Gunner Cade by Cyril Kornbluth and Judith Merrill as “Cyril Judd” first ran as a three-part serial in Astounding Science Fiction March to May 1952. This was the era of Poul Anderson, Walter M. Miller, H. Beam Piper, Raymond F. Jones and still some L. Sprague de Camp and Lester del Rey in the magazine.
Simon & Schuster reprinted the novel as a hardback the same year. It was part of an Ace Double (D-227) in 1957. Dell issued a paperback in 1969. It was one of the first Tor books, when distributed by Pinnacle in 1983.
For some reason, the title caught my attention a few months back. By luck, a local used bookstore had the Ace double for a reasonable price. The bonus is the flip of the Ace paperback contains a novel by H. Beam Piper that I never read.
I started the novel and bogged down. Finally, I persevered reading a few pages at lunch until finally I just bit the bullet and finished it off over a few nights.
Synopsis: Thousands of years in the future, you have a warrior class “Gunners” who wage ritualistic warfare between various factions over scarce resources on Earth. The Gunners live a celibate, monastic lifestyle with a philosophy that goes with it. Gunner Cade is part of an attack and somehow drugged by an old woman in a basement he is reconnoitering. A rebel group takes possession of him with the attempt to turn him.
There follows lots of talk, an escape by Cade and his attempt to rejoin his Chapter House. His is listed as dead with a shoot on sight order as he is believed to be an imposter. He finally gets to the head of the order who he finds is totally corrupt. He attempts to talk to the emperor where he is made an offer by a rival bureaucrat (“the Power Master”) who is equally corrupt. In the end Gunner Cade joins the rebels he ran from.
The novel ends with him on Mars showing commoners the basics on how to use the ray guns with a successful battle.
This novel is from the “golden age” of science fiction but it did not push the right buttons for me that I would have gotten reading Poul Anderson, Jack Vance, or H. Beam Piper. There is a distant quality to the story. Gunner Cade is an opaque character. He comes across as a blockhead getting drugged, used, and used again by various factions. The story is supposed to be that of a true believer disillusioned with the system when he finds out the truth. I just did not care. Kornbluth and Merrill are supposed to have deliberately written the novel analyzing what John W. Campbell, editor at Astounding Science Fiction liked. It came of as an imitation of A. E. van Vogt. Sort of on the lines of The Weapon Shops of Isher or Empire of the Atom, just without van Vogt’s quirkiness that makes him interesting. I love van Vogt’s shorter fiction and fix ups. His novels go on and on with pointless and uninteresting intrigue. Gunner Cade has the same problem. Cade is not a van Vogt superman either but just a cog in the machine that gets turned.
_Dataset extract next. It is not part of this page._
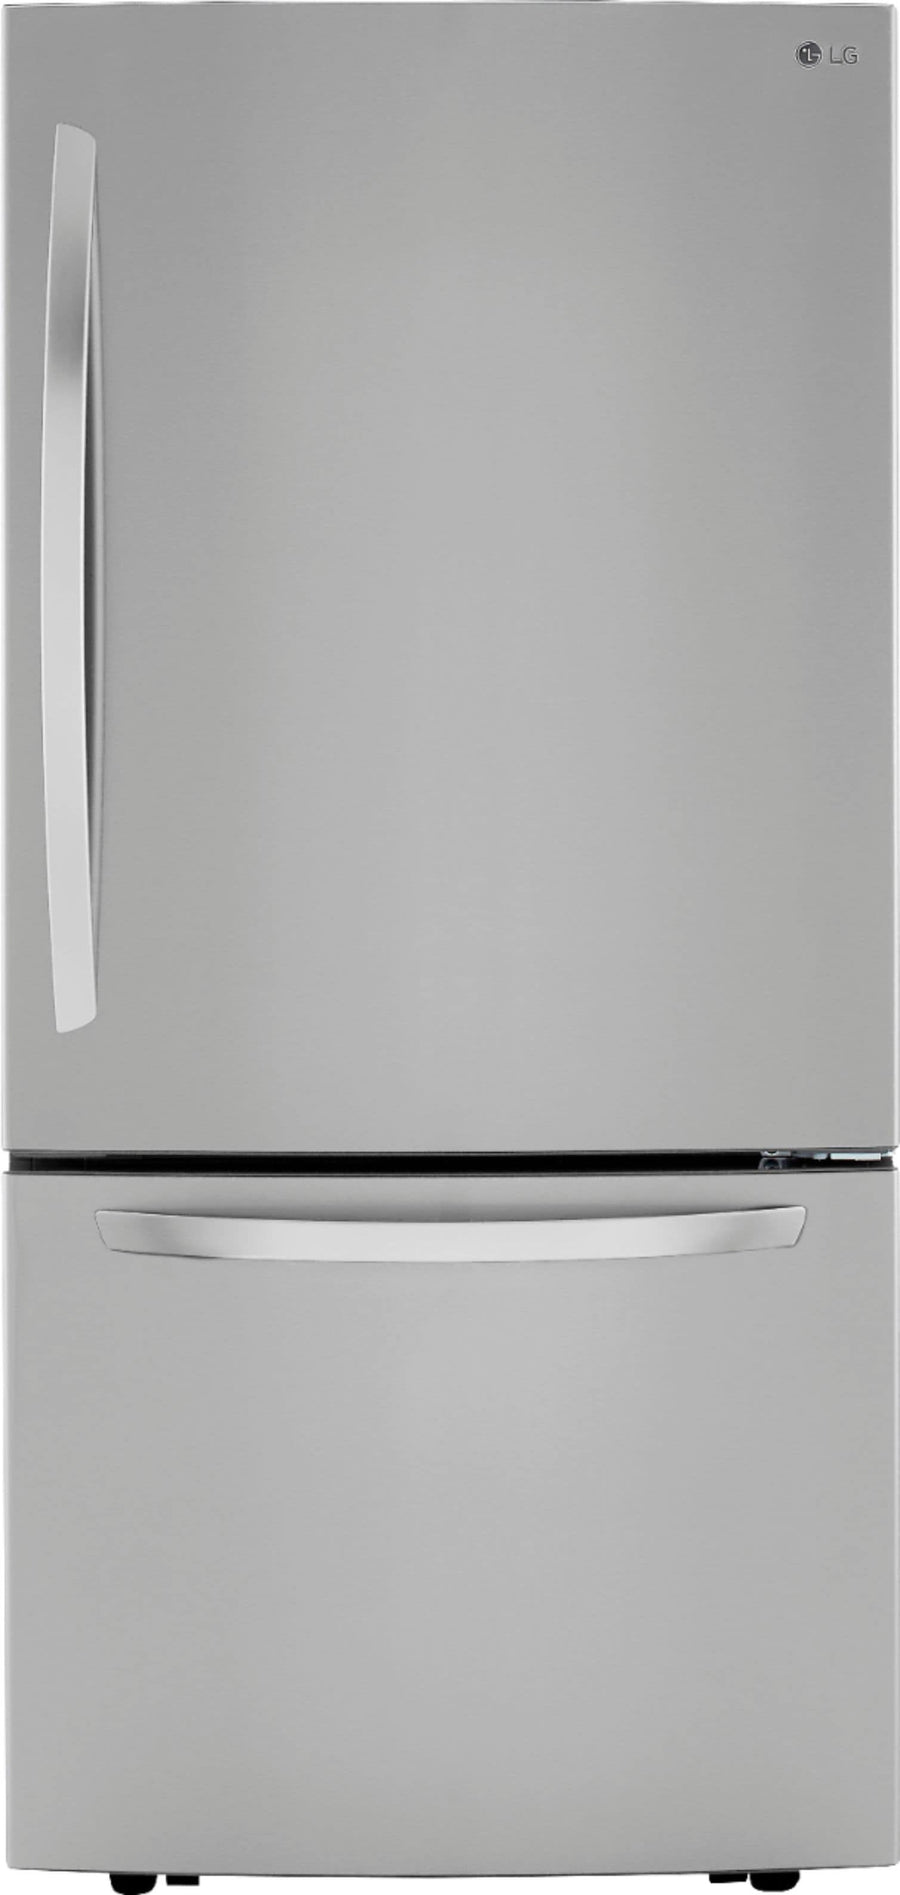 LG - 25.5 Cu. Ft. Bottom-Freezer Refrigerator with Ice Maker - Stainless steel_0

There was something else in my mind as I read the novel. I waited until I finished to confirm my suspicion.
From Infogalactic:
“In 1939, Judith graduated from Morris High School in the Bronx at 16 and rethought her politics under the influence of the Hitler-Stalin Pact (August 23), shifting to a Trotskyist outlook. She married Dan Zissman the next year, less than four months into a relationship that started when they met at a Trotskyist Fourth of July picnic in Central Park.”
My suspicion was correct, this was a work of science fiction with Trotskyite subtext. The revolt against The System, weapons to the commoners who just wanted to be free, the defeat of professionals by the motivated proletariat, yada, yada, yada. I am surprised this got past John W. Campbell.
As I got near the end of the novel, I kept thinking on how Frank Herbert’s Dune covers some similar ground so much better. The defeat of elite soldiery being one thread. Herbert’s elite Sardauker of the Padishah Emperor going soft with defeat by the Freman of Arrakis has more of a verisimilitude about it. The world of Gunner Cade is not rich, it is rather gray and depressing. My opinion must be common considering this novel had had only three paperback reprints for being a supposed classic. In comparison Starship Troopers or Dune have continuously been in print the past 56-60 years. With a different approach, this could have been a good proto-military science fiction novel. Gunner Cade is in print in the hardback collection Spaced Out from NESFA Press. I am not interested in checking out more by Kornbluth & Merrill. At least I can say I read it.
Yeah, I found out about Merrill’s sordid, vile past back in 2016. She wrote a memoir of her SF days, BTW. Can’t say that I’ve liked any of her work or Kornbluth’s.
You’re a better man than I am, I faded out on this book less than half way through. Herbert did a better job, as you say.
Maybe they’re just not to my taste. Like Deuce, I honestly can’t remember anything by Merrill or Kornbluth that I would recommend.
No recommendtions? You have to be joking.
The Marching Morons
The Little Black Bag
MS Found In A Fortune Cookie
To name a few.
Novels:
The Syndic
THe Space Merchants
His Best of… collection is terrific.
Obviously, our tastes differ. “The Marching Morons” is about the only one out of that list which I could say I kind of liked. To each their own.